学年誌は、男女の区別がないっていう話も、性別関係ないから色々な分野の話題を盛り込めるって話も素敵だと思った。
男の子だから女の子だからという区別なしに雑多な分野に触れて、自分がどこに興味を持っているかに気づくことができるのが学年誌。
公教育では色々なことを学ぶのと一緒だね。
自分には興味がないことも、他の誰かには唯一のものになるかもしれない。
だから、公教育では色々なものにちょっとずつ触れる教育が行われている。
物語は、二人の女性が軸です。
孫と祖母。そして時々祖母の娘であり、孫の母。
舞台は文林館という出版社
そこに勤めている孫と、戦時中臨時職員をしていた祖母。
コロナ禍真っ最中の令和と戦時中の昭和。
章ごとに時間が行き来する物語。
文林館の学年誌創刊百周年記念企画チームに配属された女性ファッション誌担当だった市橋明日花と学年誌『少國民のひかり』の愛読者の鮫島スエ。

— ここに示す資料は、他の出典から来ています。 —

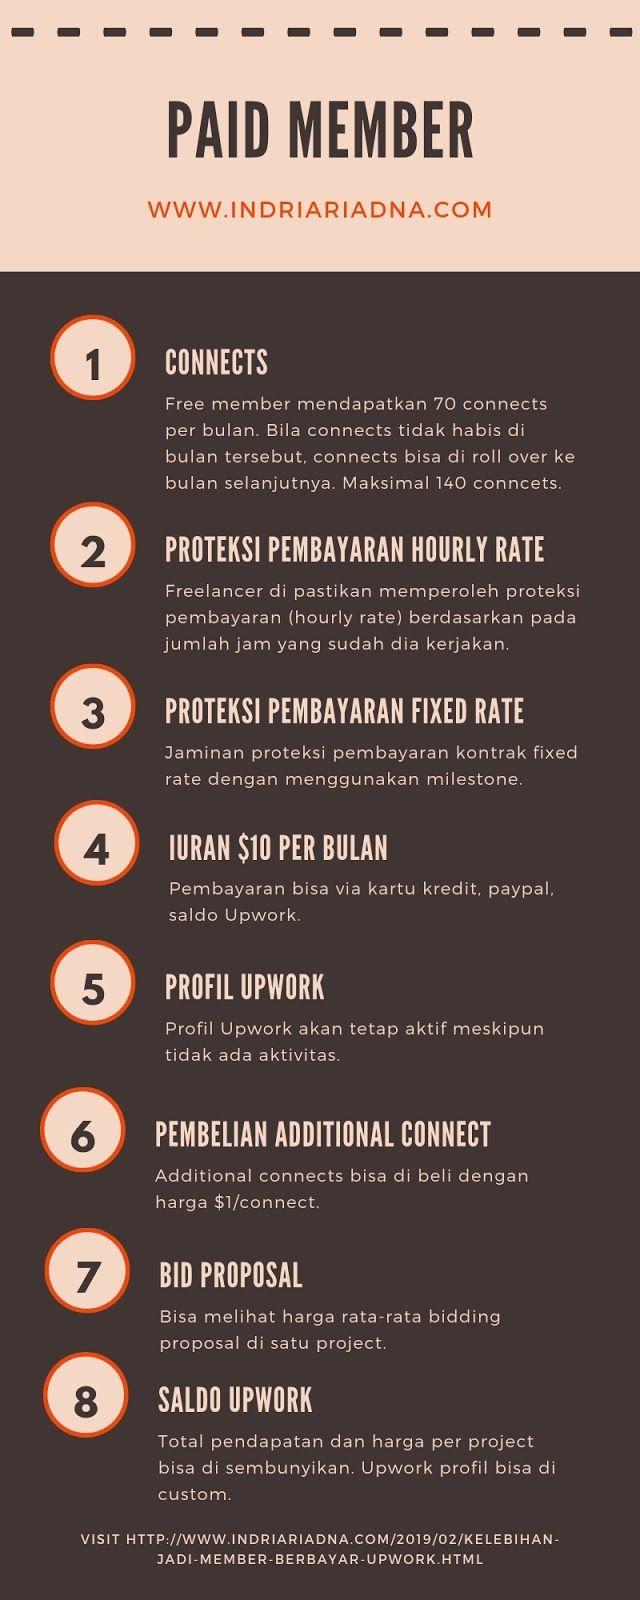 Ini Nih Manfaat Freelancer Plus Upwork Indri Ariadna Infografis

なんで私がこんな企画チームに…左遷か?と怒りと悲しみとやるせなさでいっぱいだった明日花が徐々にのめり込んでいく様子も面白いし、スエの學びに対する貪欲さにも惹きつけられる。一生懸命に生きて、そして秘かにつながっていくのが。
手塚治虫先生みたいな人が出てきたりもするし、林芙美子っぽい人も出てくるし、締め切り間際編集者たちの悲喜こもごもも面白い。
祖母のスエちゃんがとてもとても魅力的な物語でした。